Acting pursuant to Article 409 § 1 of the Commercial Company Code and § 29(5) of the Company's Statute, the Ordinary General Meeting of ENEA S.A. hereby resolves as follows:

§ 1

The Ordinary General Meeting of ENEA S.A. hereby elects Ms. Anna Kowalik as the Chairwoman of the Ordinary General Meeting.

§ 2 This resolution shall enter into force when adopted.

In the secret ballot on Resolution No. 1, the following number of votes were cast:

  • 398,289,657 votes in total (valid votes were cast from 398,289,657 shares, where 1 share = 1 vote), representing 75.1871% of the share capital,

  • votes in favor of Resolution No. 1: 398,289,657,

  • votes against Resolution No. 1: 0,

  • votes abstaining: 0,

  • invalid votes: 0.

Resolution No. 1 was adopted with all votes in favor.

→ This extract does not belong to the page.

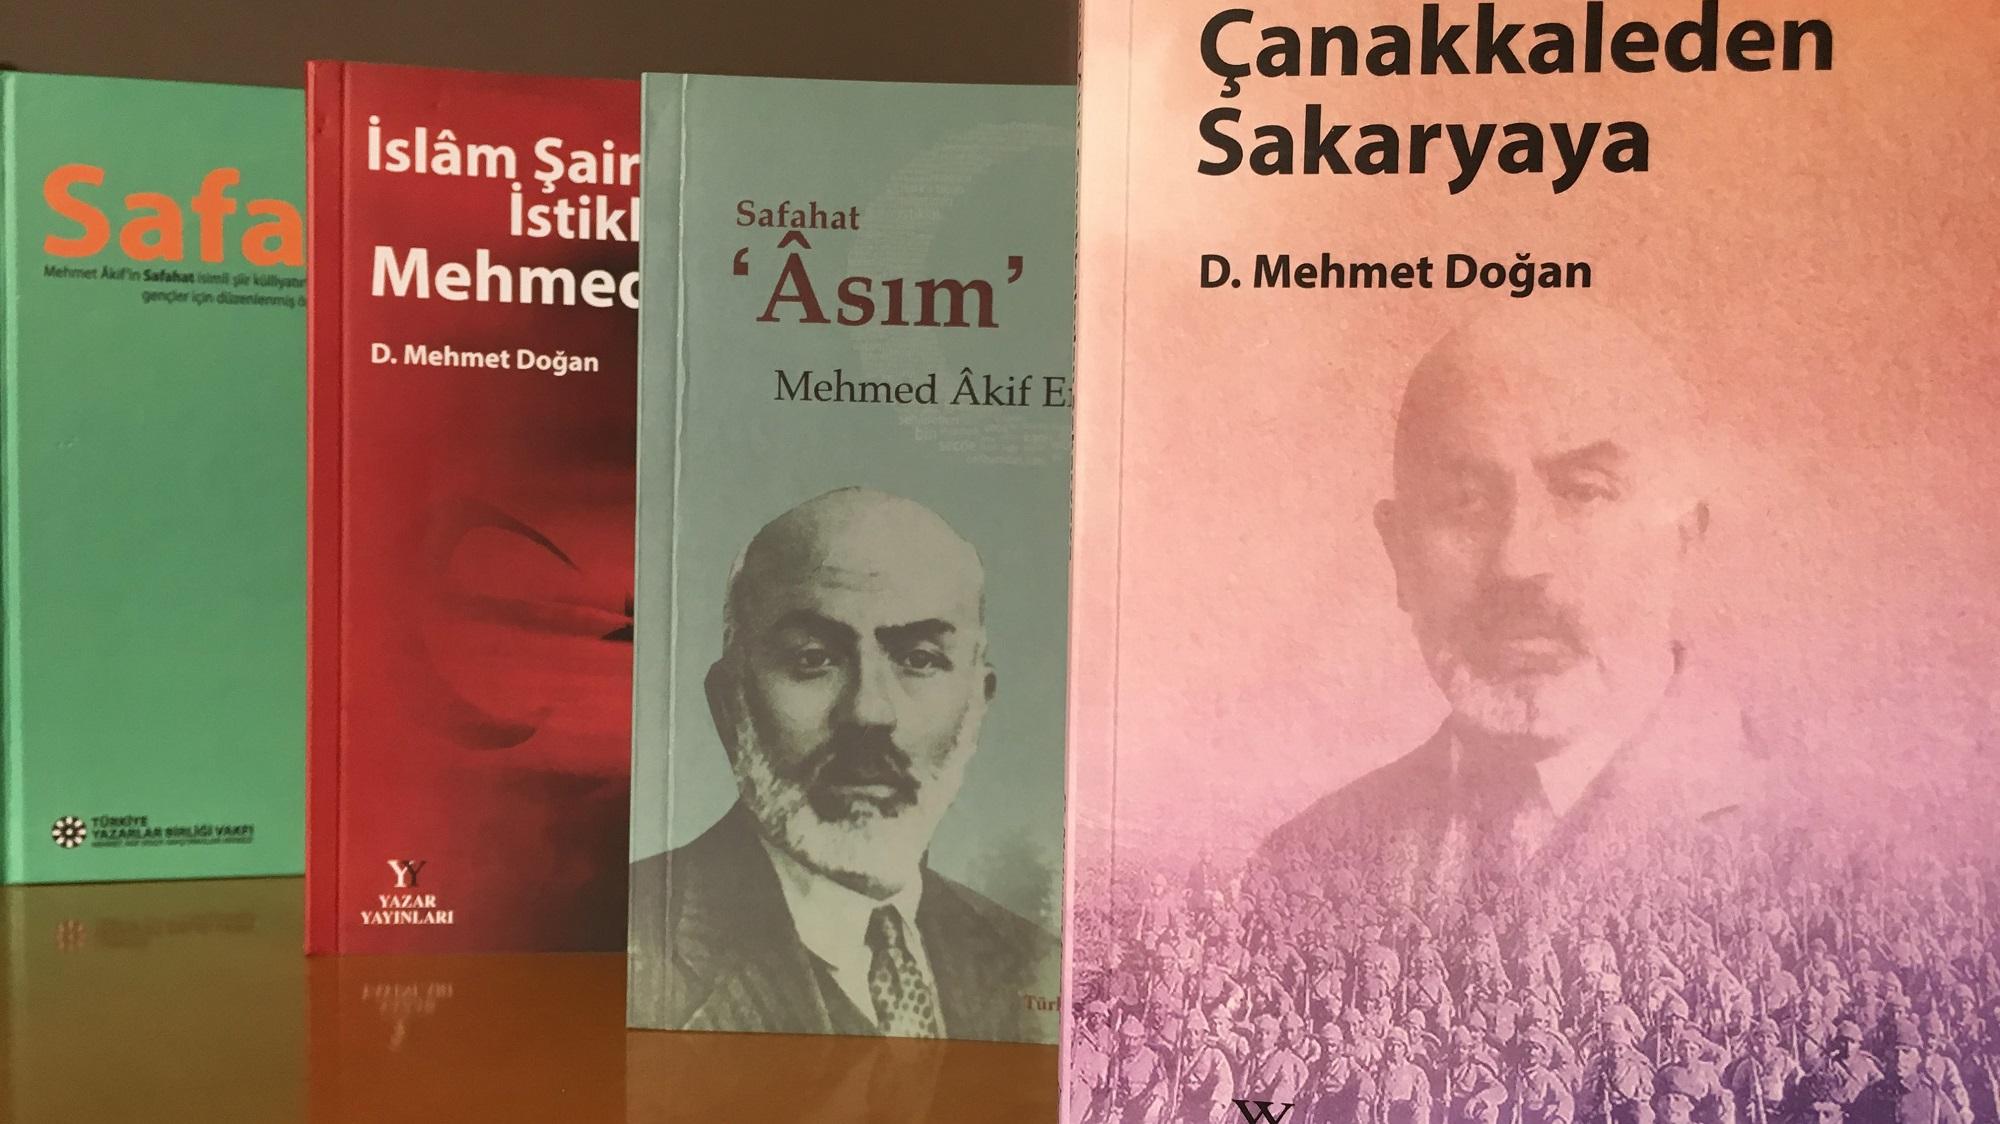 Mehmed Âkif Kitap Seti Kampanyası
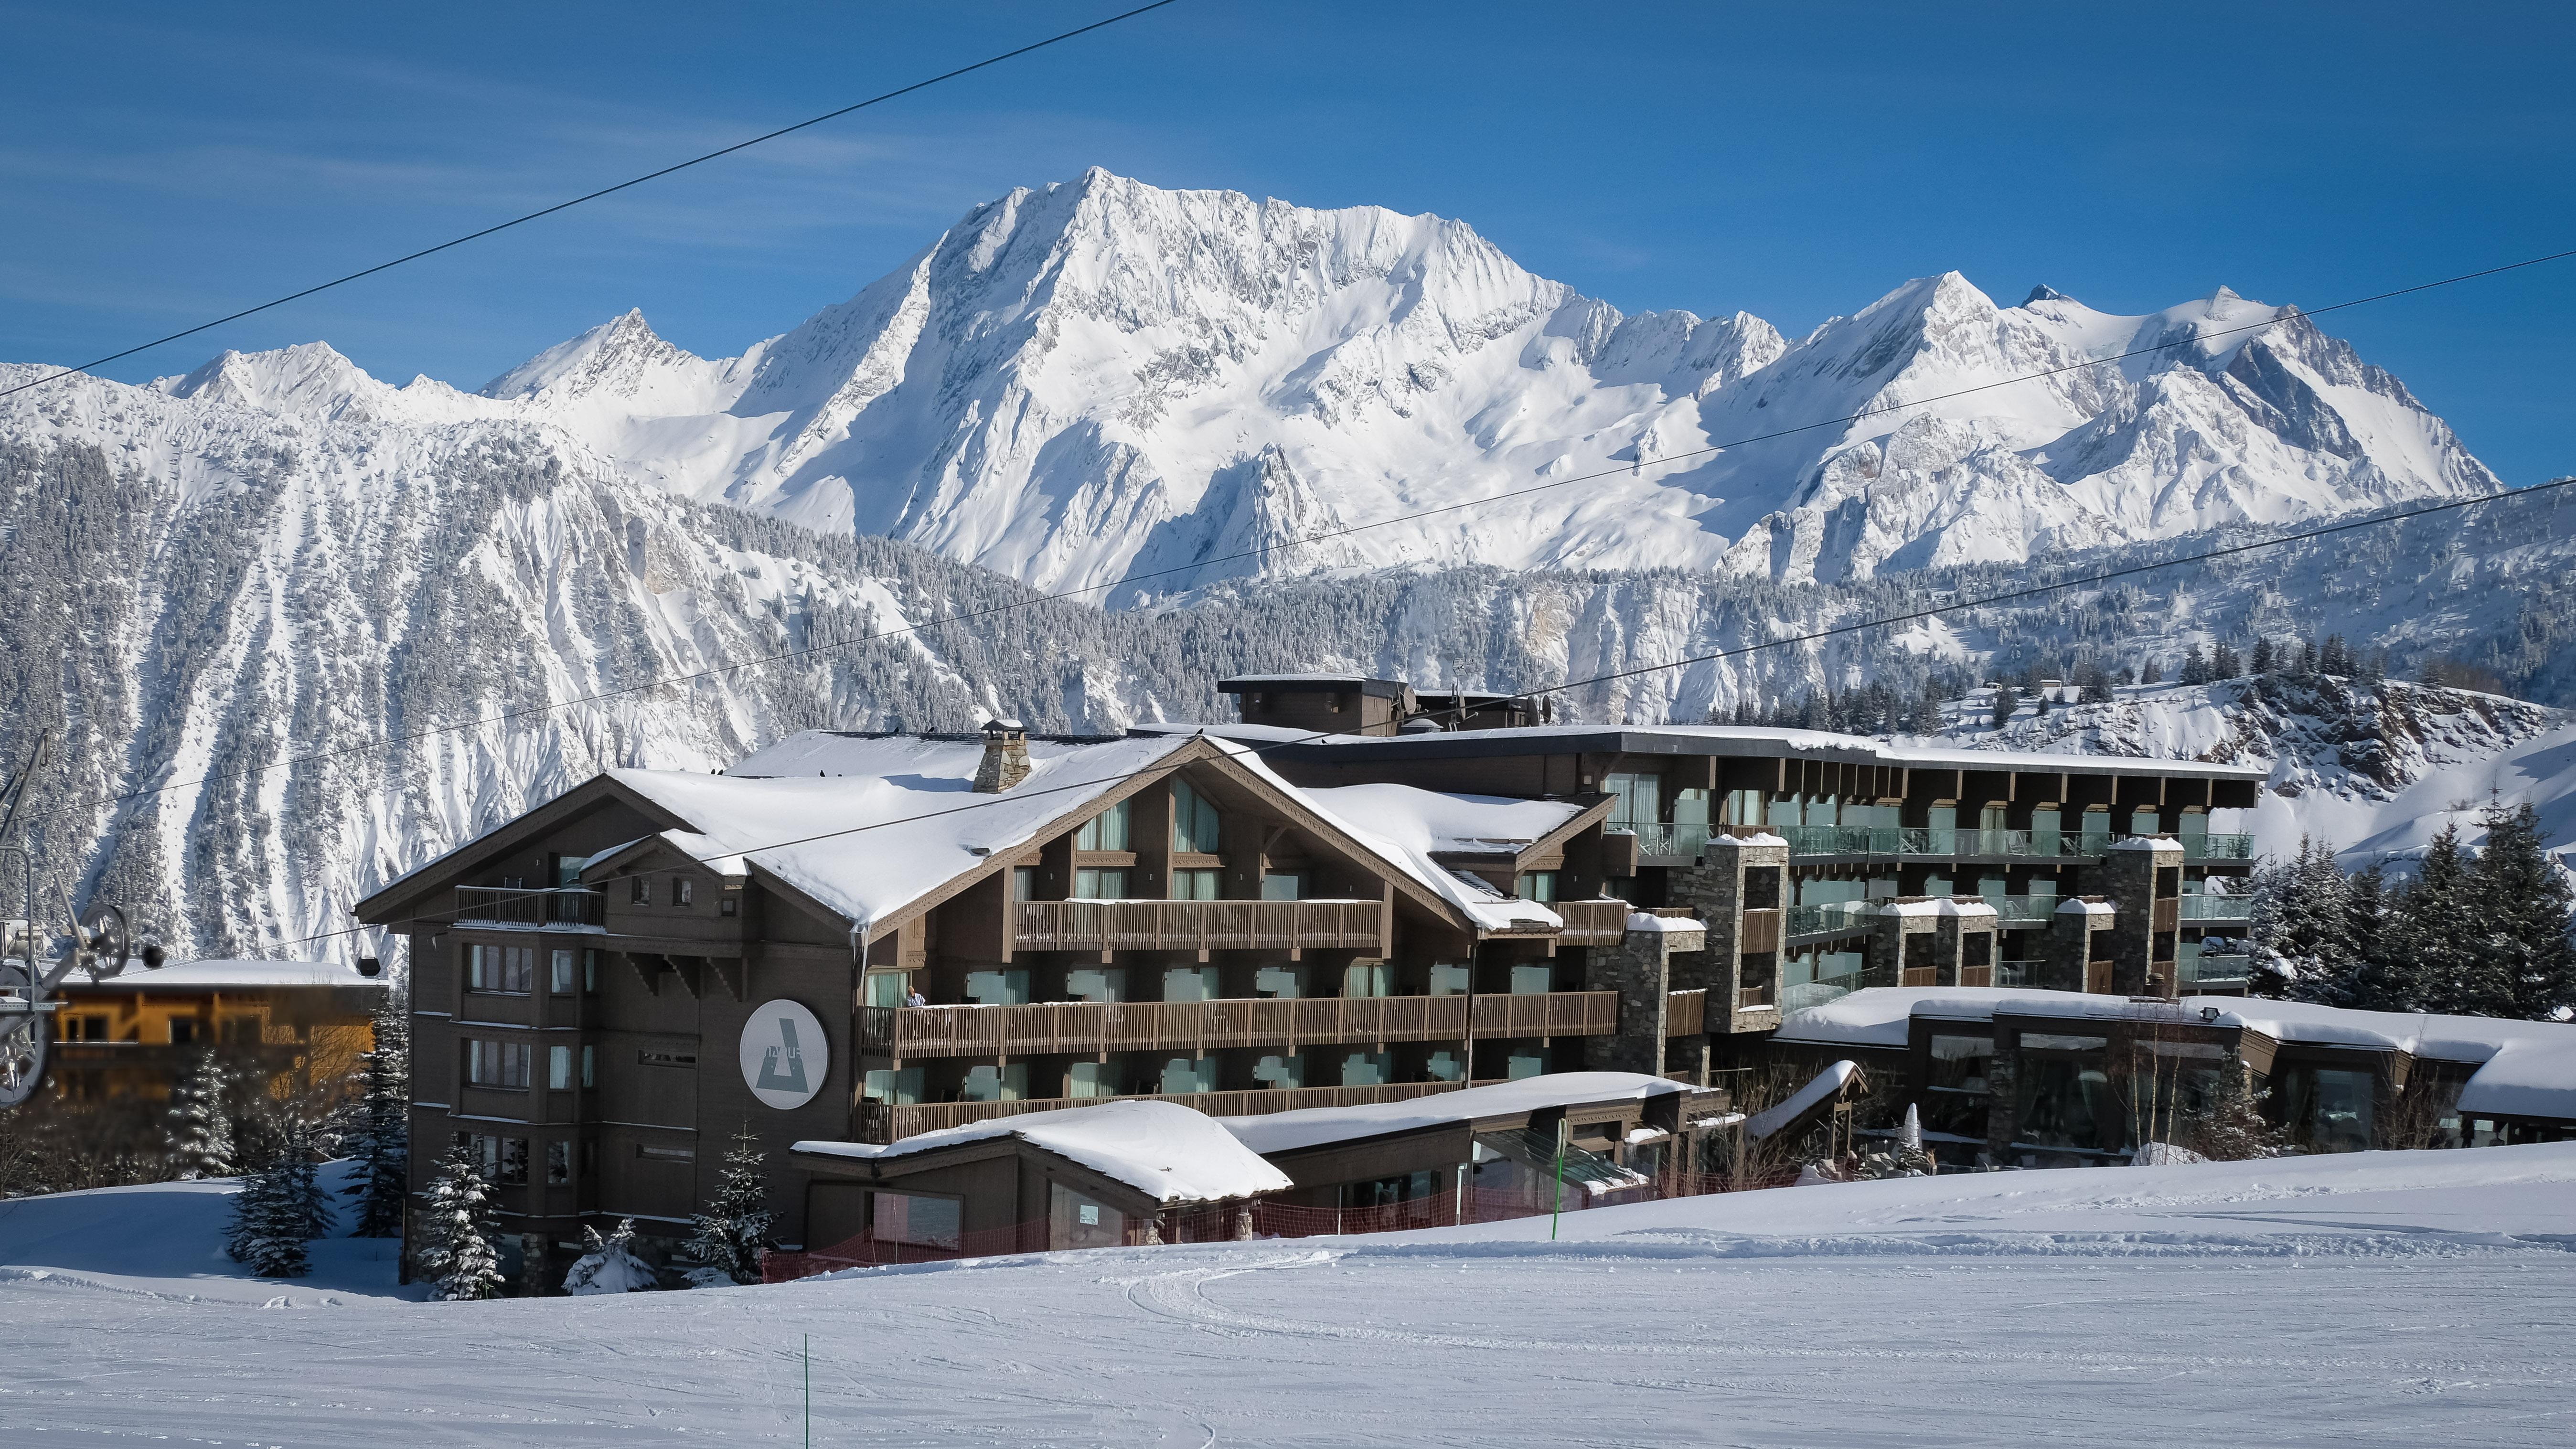 горы куршевель картинки фото балкон светлых

Resolution No. 2 adopted by the Ordinary General Meeting of the Company operating under the business name of ENEA Spółka Akcyjna with its registered office in Poznań of 24 June 2024

to accept the agenda of the Ordinary General Meeting

The Ordinary General Meeting of ENEA S.A. hereby resolves as follows:

§ 1

The Ordinary General Meeting of ENEA S.A. with its registered office in Poznań accepts the following agenda of the Ordinary General Meeting:

    1. Open the Ordinary General Meeting.
    1. Elect the Chairperson of the Ordinary General Meeting.
    1. Assert that the Ordinary General Meeting has been convened correctly and is capable of adopting resolutions.
    1. Adopt the agenda.
    1. Adopt a resolution to approve the Report of the ENEA S.A. Supervisory Board on its activity in 2023.
    1. Present the report of the independent certified auditor on the audit of the Standalone Financial Statements of ENEA S.A. for the financial year ended 31 December 2023, the Consolidated Financial Statements of the ENEA Group for the financial year ended 31 December 2023 and the Management Board Report on the activity of ENEA S.A. and the ENEA Group in 2023.
    1. Examine and adopt a resolution to approve the Standalone Financial Statements of ENEA S.A. for the financial year ended 31 December 2023.
    1. Examine and adopt a resolution to approve the Consolidated Financial Statements of the ENEA Group for the financial year ended 31 December 2023.
    1. Examine and adopt a resolution to approve the Management Board Report on the activity of ENEA S.A. and the ENEA Group in 2023.
    1. Adopt a resolution to cover the net loss of ENEA S.A. for the financial year covering the period from 1 January 2023 to 31 December 2023.
    1. Adopt resolutions to discharge the ENEA S.A. Management Board Members on the performance of their duties in the financial year 2023.
    1. Adopt resolutions to discharge the ENEA S.A. Supervisory Board Members on the performance of their duties in the financial year 2023.
    1. Adopt a resolution to issue an opinion on the document, adopted by the Supervisory Board, entitled"Report on Remuneration of ENEA S.A. Management Board and Supervisory Board Members in 2023".
    1. Adopt a resolution to approve the "Remuneration policy for members of the supervisory body and management body at ENEA Spółka Akcyjna".
    1. Present information on the outcome of the recruitment procedure for the positions of ENEA S.A. Management Board Members, which was conducted from 5 February 2024 to 23 February 2024.
    1. Adjourn the Ordinary General Meeting.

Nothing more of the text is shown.